De verdachte verklaarde dat hij tekort is geschoten in zijn vluchtvoorbereiding en dat dit volledig aan hemzelf te wijten is. De verdachte kent de omgeving van [plaats 4] zo goed, dat hij niet met ‘de kaart in de hand’ vliegt. Tegelijkertijd was hij er niet mee bekend dat deze TRA vaker actief is, zonder dat hij dat overigens als een excuus gebruikte. De verdachte is, vanuit zijn werk als verkeersvlieger, gewend om veel Notams te scannen op relevantie. De verdachte liet weten dat hij zich bij deze pleziervlucht had geconcentreerd op de Notams die betrekking hadden op de geplande route, die buiten de TRA om ging. Achteraf gezien had hij de Notams moeten scannen op een breder gebied rond de geplande route. Dat is de lering die de verdachte hieruit trekt. Hij vatte het als volgt samen: ‘Ik besef dat ik na al die jaren vliegen en al mijn ervaring wellicht te makkelijk hiermee bent omgegaan, complacency noemen we dat in de luchtvaart. Dit geeft weer aan dat je dus scherp moet blijven in de luchtvaart.’

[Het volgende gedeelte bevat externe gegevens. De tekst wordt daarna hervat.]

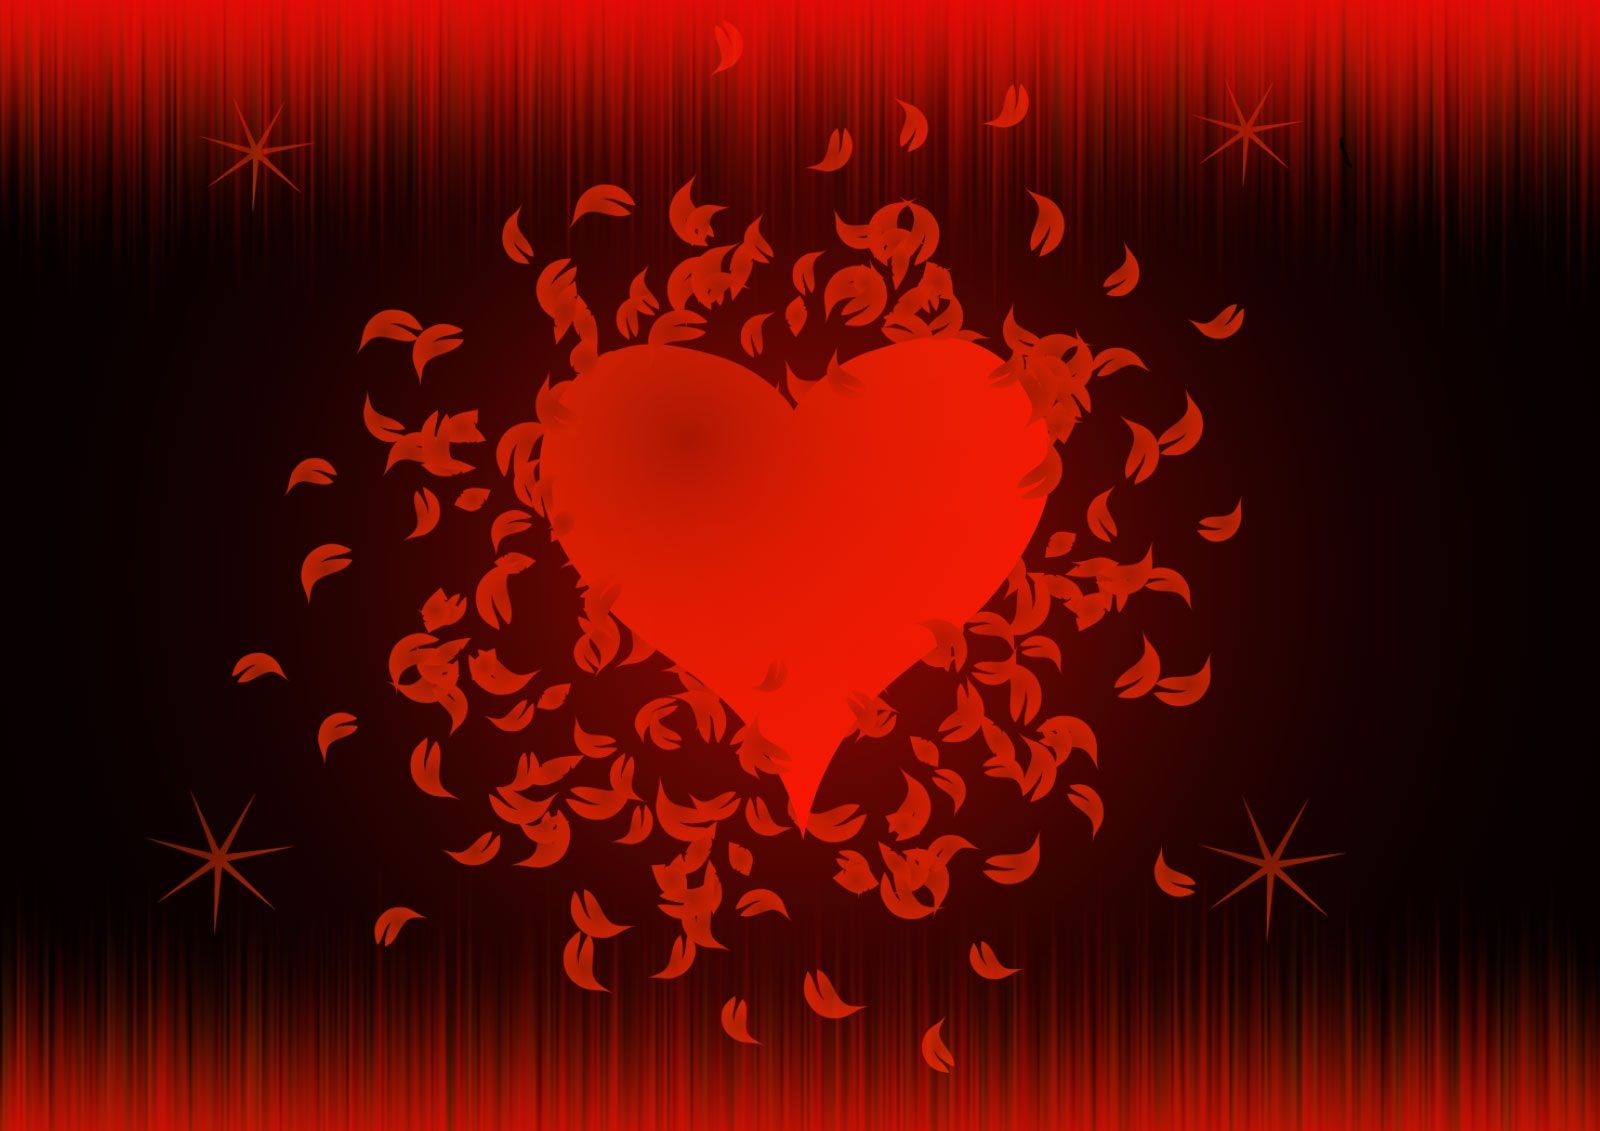 Animals Zoo Park: Valentines day Backgrounds, Valentines day ...
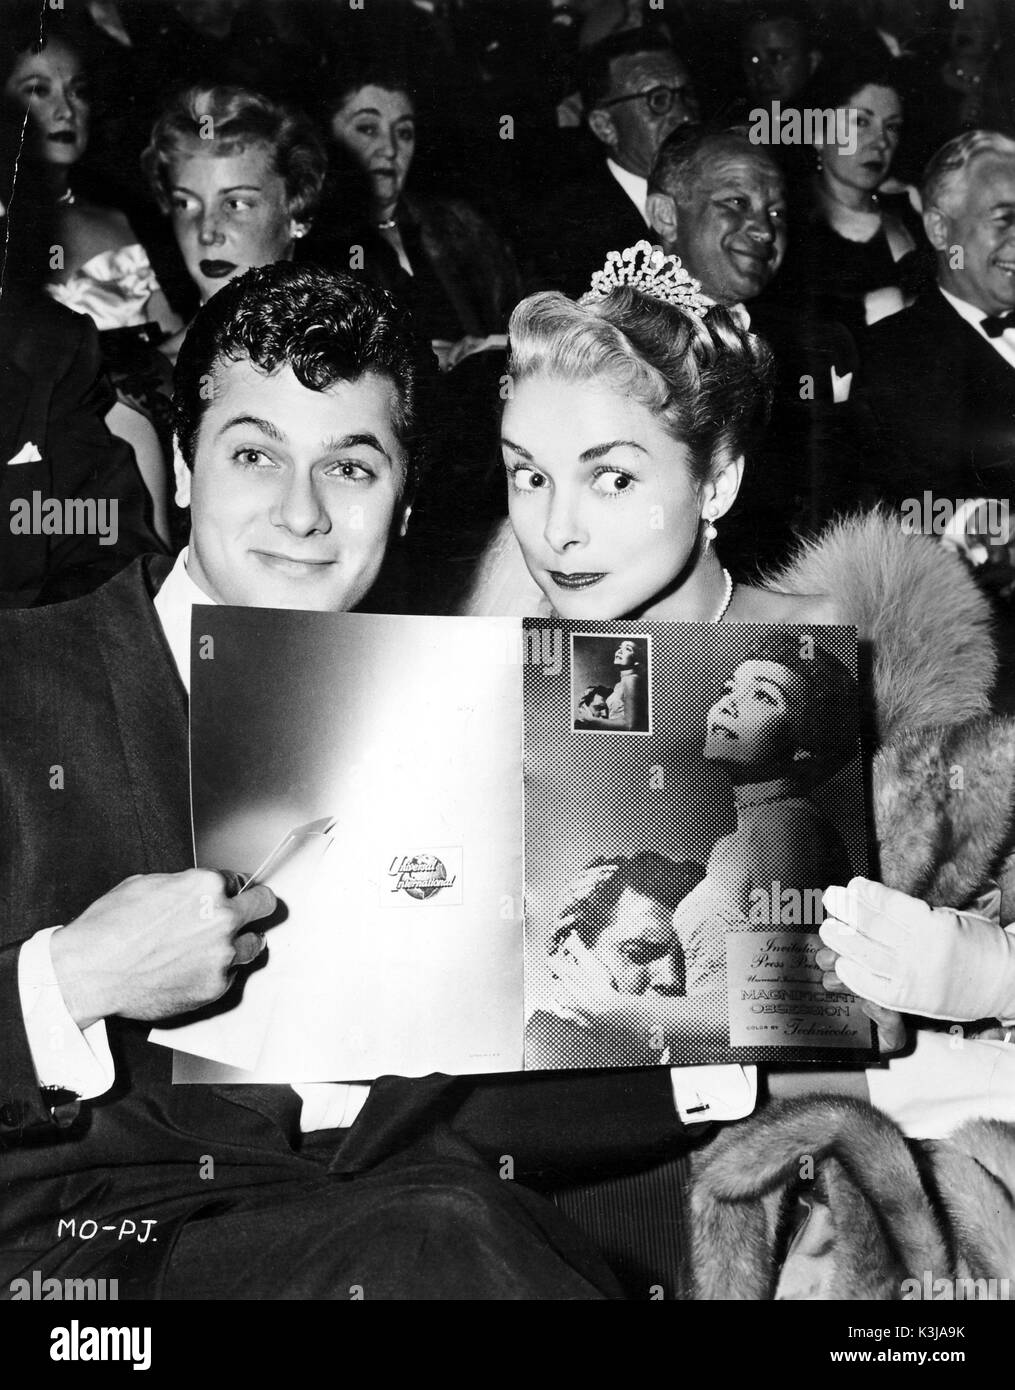 TONY CURTIS & JANET LEIGH Married 1951 - 1962 at the premiere of Magnificent Obsession, 1954 TONY CURTIS & JANET LEIGH Married 1951 - 1962 at the premiere of Magnificent Obsession, 1954 Stock Photo

De luchtvaartpolitie heeft niet alleen de radargegevens van de vlucht in een overzichtskaart verwerkt, maar ook de geplande vlucht. De bevindingen daarvan ondersteunen verdachtes verklaring. Daaruit kan immers worden afgeleid dat de geplande route, uitgaande van een rechte lijn, enkele nautische mijlen ten noorden van de TRA is gelegen.
Beslissing
Uit de feiten en omstandigheden komen twee overtredingen naar voren, namelijk het vliegen in een tijdelijk gebied met beperkingen (art. 9 Besluit luchtverkeer 2014) en een gebrekkige vluchtvoorbereiding (art. 5.8 Wet luchtvaart).
In de Richtlijn voor strafvordering luchtvaartwet- en regelgeving zijn uitgangspunten opgenomen voor de straftoemeting van luchtvaartovertredingen. Voor het vliegen in een verboden gebied met dit type luchtvaartuig wordt als uitgangspunt een geldboete van € 800,-- gehanteerd en voor een gebrekkige voorbereiding een geldboete van € 425,--.
De verdachte verklaarde tegenover de luchtvaartpolitie dat hij een transactie zou aanvaarden. De luchtvaartofficier van justitie meent echter dat in dit geval een sanctie geen toegevoegde waarde heeft en heeft besloten de zaak tegen de verdachte te seponeren. Afgezien van het feit dat er in dit geval geen gevaar is geweest voor ander luchtverkeer (wat natuurlijk niet verdachtes verdienste is geweest), acht de luchtvaartofficier van justitie het van belang dat de verdachte zijn fout onomwonden heeft erkend, dat hij daarbij de context van die fout heeft geschetst en dat hij daarop goed heeft gereflecteerd. De luchtvaartofficier van justitie moedigt de verdachte vooral aan om de les die de verdachte uit het gebeuren heeft getrokken, breed te delen met andere vliegers.